En Haïti, les transitions politiques se sont souvent limitées à des changements de visages ou d’équipes, sans toucher aux structures économiques et institutionnelles qui reproduisent la dépendance et l’instabilité. Cela rejoint la théorie de la dépendance (André Gunder Frank, Theotonio dos Santos) : les pays périphériques restent bloqués dans un modèle économique qui les rend dépendants des centres de décision extérieurs et de l’importation, même lorsque le pouvoir politique change.
À l’inverse, plusieurs pays africains – Mali, Niger, Burkina Faso, mais aussi Togo, Tchad ou Gabon – ont profité de leurs périodes transitoires pour impulser des réformes économiques et institutionnelles structurantes. Ces transitions, même courtes et fragiles, sont devenues de véritables leviers de transformation. Elles se rapprochent de l’approche du développement endogène (François Perroux, Gunnar Myrdal) : construire la croissance sur ses propres ressources, ses propres filières et son capital humain, plutôt que d’attendre des flux extérieurs.

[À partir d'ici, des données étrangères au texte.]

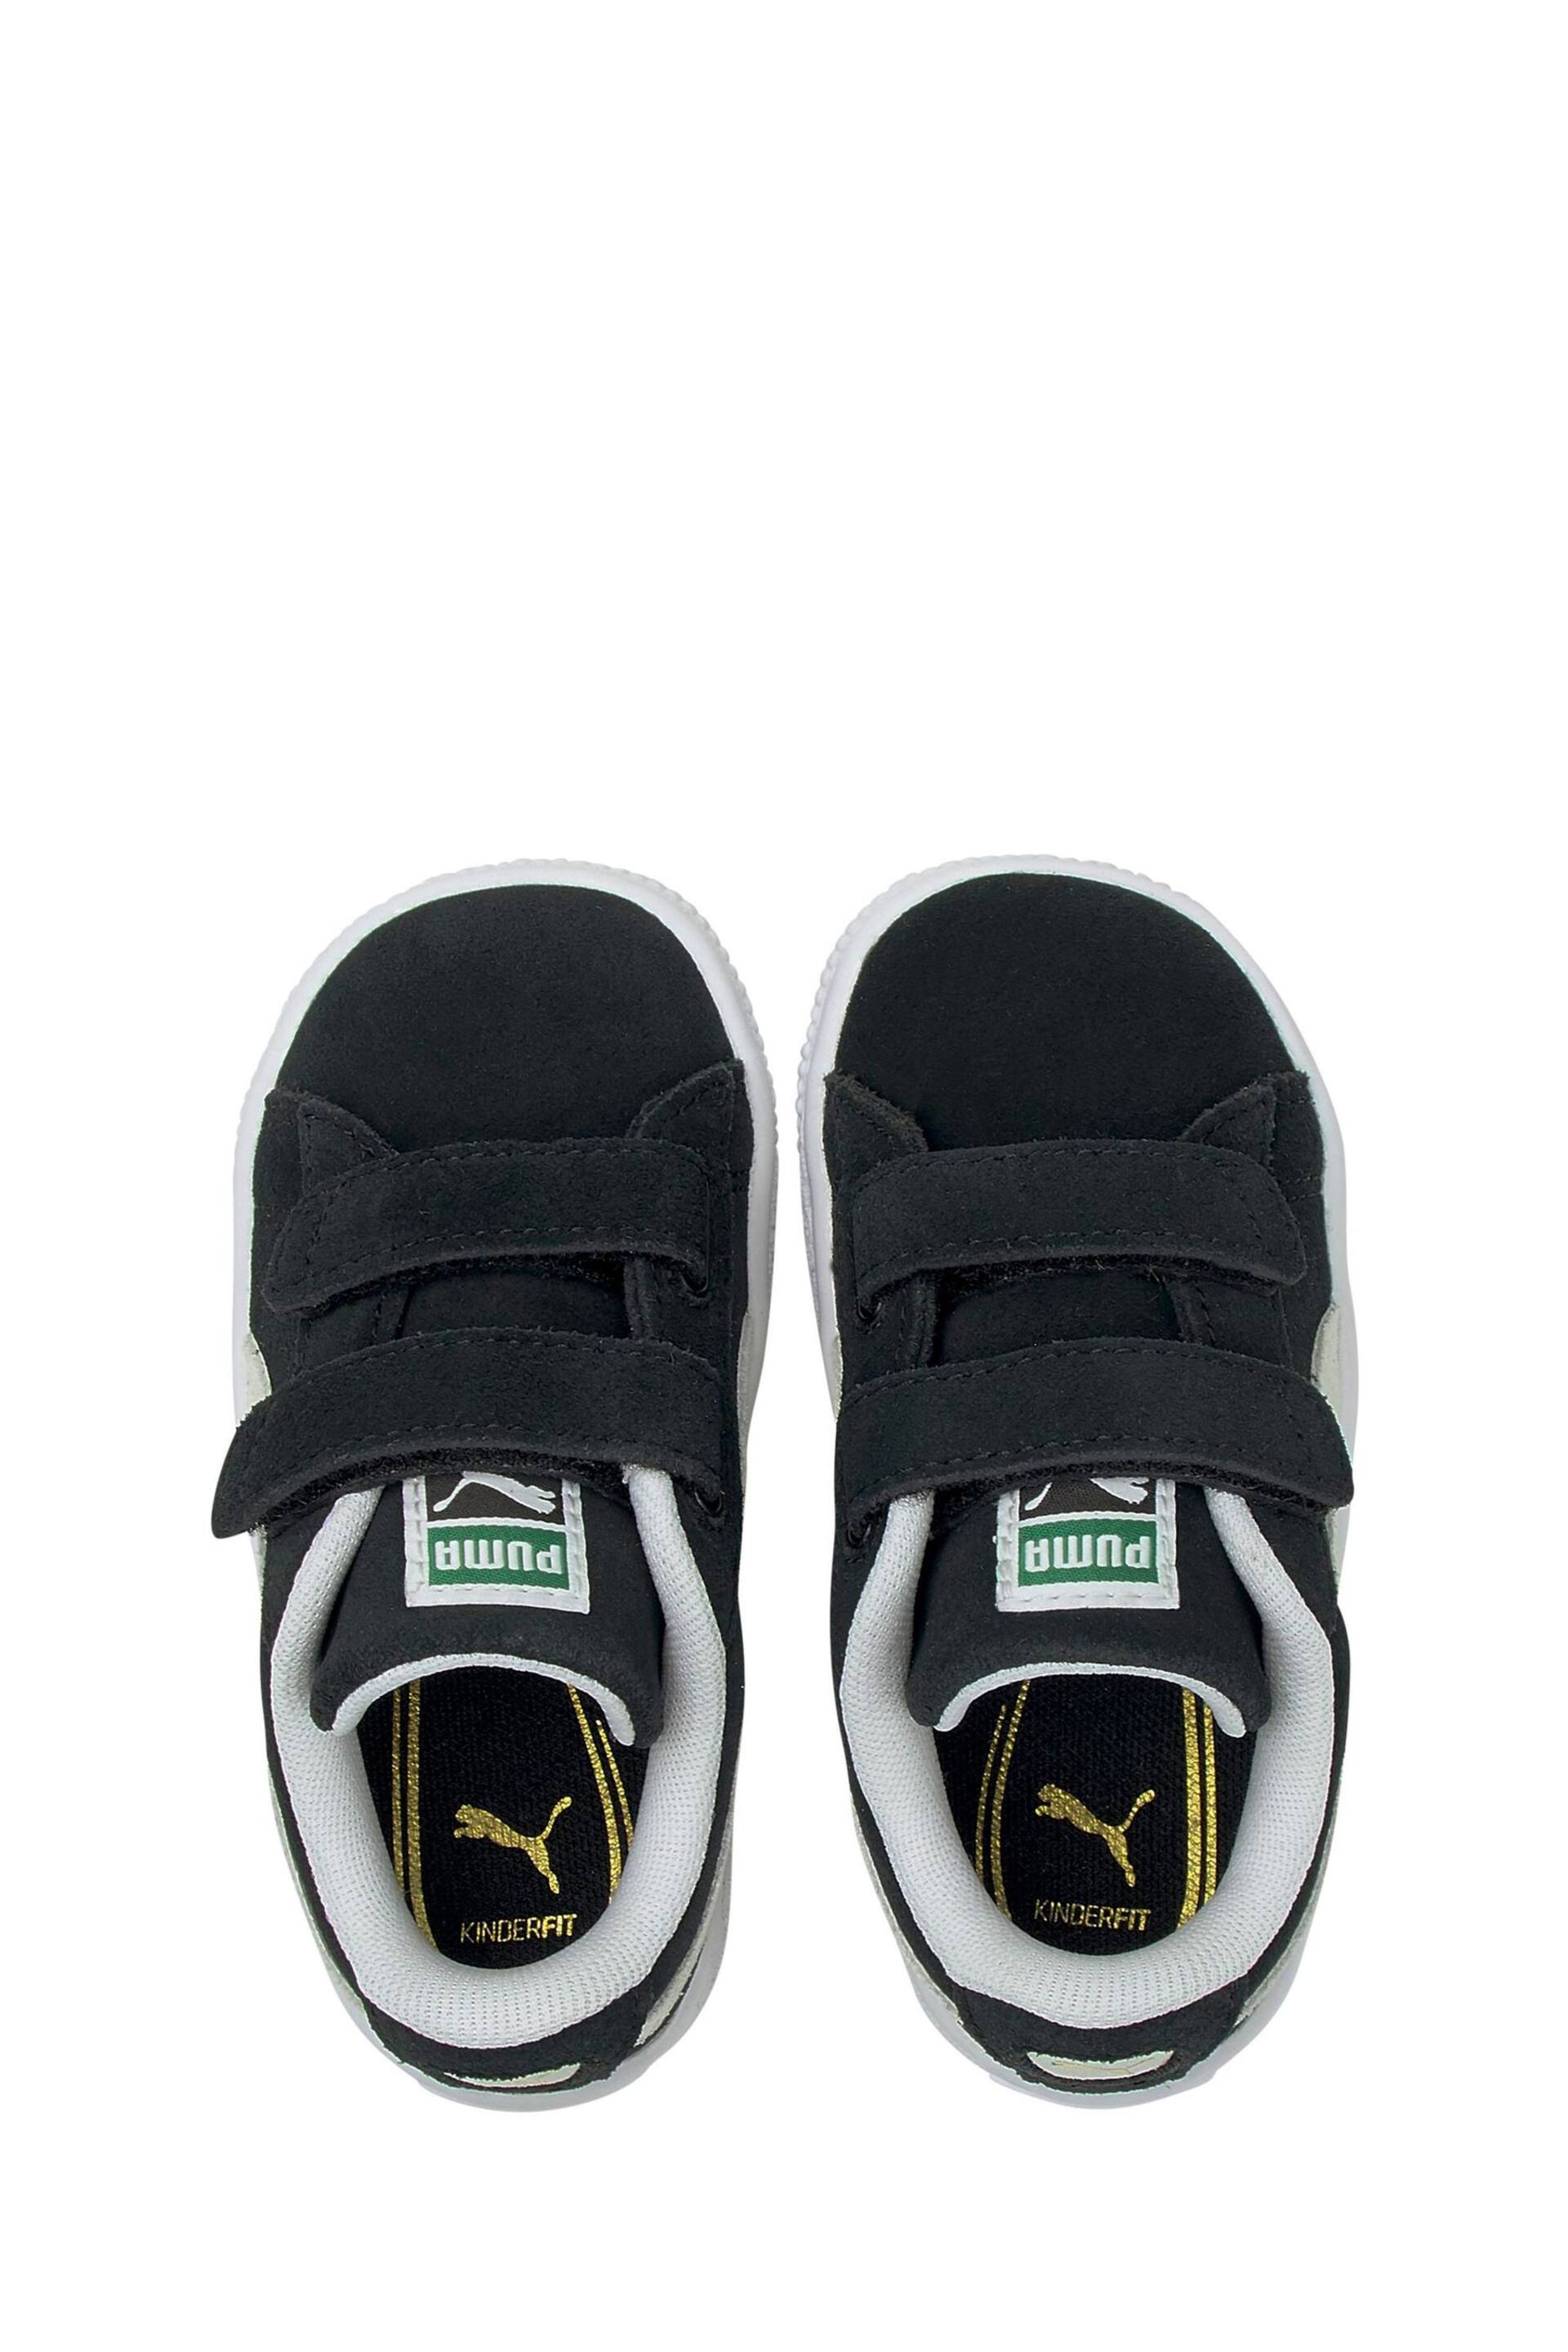 Puma Black Babies Suede Classic XXI Trainers - Image 3 of 11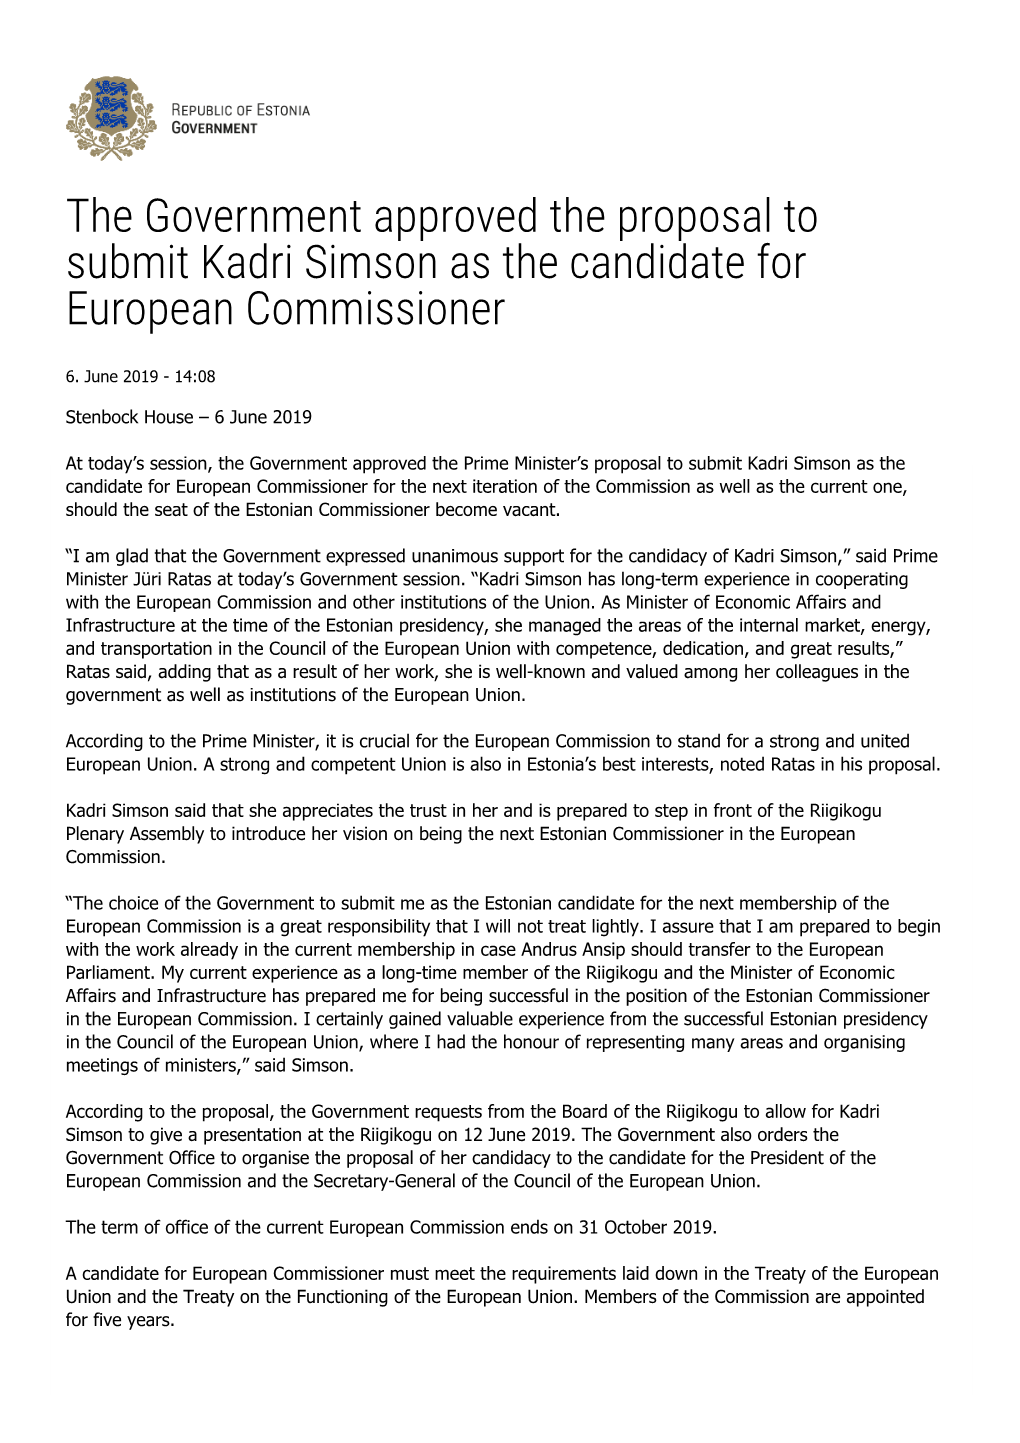 The Government Approved the Proposal to Submit Kadri Simson As the Candidate for European Commissioner

Ce qu’Haïti pourrait faire pendant une transition
Pour sortir de la simple gestion de crise et faire de la transition un moteur de progrès, Haïti pourrait :
- Réformer le code douanier et la fiscalité afin de stimuler la production nationale et d’augmenter durablement les recettes publiques – ce qui correspond à l’approche keynésienne : renforcer les capacités de l’État pour investir et créer un effet multiplicateur sur l’économie ;
- Mettre en place un plan national d’investissements productifs (infrastructures, agriculture, numérique, énergie) financé par des partenariats public-privé et des ressources internes. Cela s’inspire de la théorie de l’industrialisation par substitution aux importations (Raúl Prebisch) qui a permis à plusieurs pays de diversifier leur économie et de réduire leur dépendance extérieure ;
- Valoriser ses ressources existantes (zones franches, tourisme, produits agricoles) en créant des chaînes de valeur locales au lieu d’exporter brut – approche liée à la montée en gamme des filières (Michael Porter, théorie de l’avantage compétitif des nations) ;
- Lier sécurité et économie : créer massivement des emplois via la reconstruction d’une armée et d’une police renforcées, accompagnées de programmes de formation et de réinsertion. Cela rejoint les théories du capital humain (Gary Becker) : plus un pays investit dans ses forces productives et dans la formation, plus il accroît sa productivité et sa stabilité.
Enjeux
Ces orientations reprennent l’esprit du développement endogène : utiliser ses propres ressources et son capital humain pour se relever. Elles s’attaquent à la racine des blocages – les structures économiques et institutionnelles – et non seulement aux symptômes.
Sans rupture réelle, Haïti restera prisonnière d’un modèle où les élites entretiennent la dépendance et l’instabilité.
Mais avec un véritable agenda économique de transition, le pays pourrait transformer son Conseil présidentiel d’un simple organe symbolique en un moteur de modernisation et de progrès.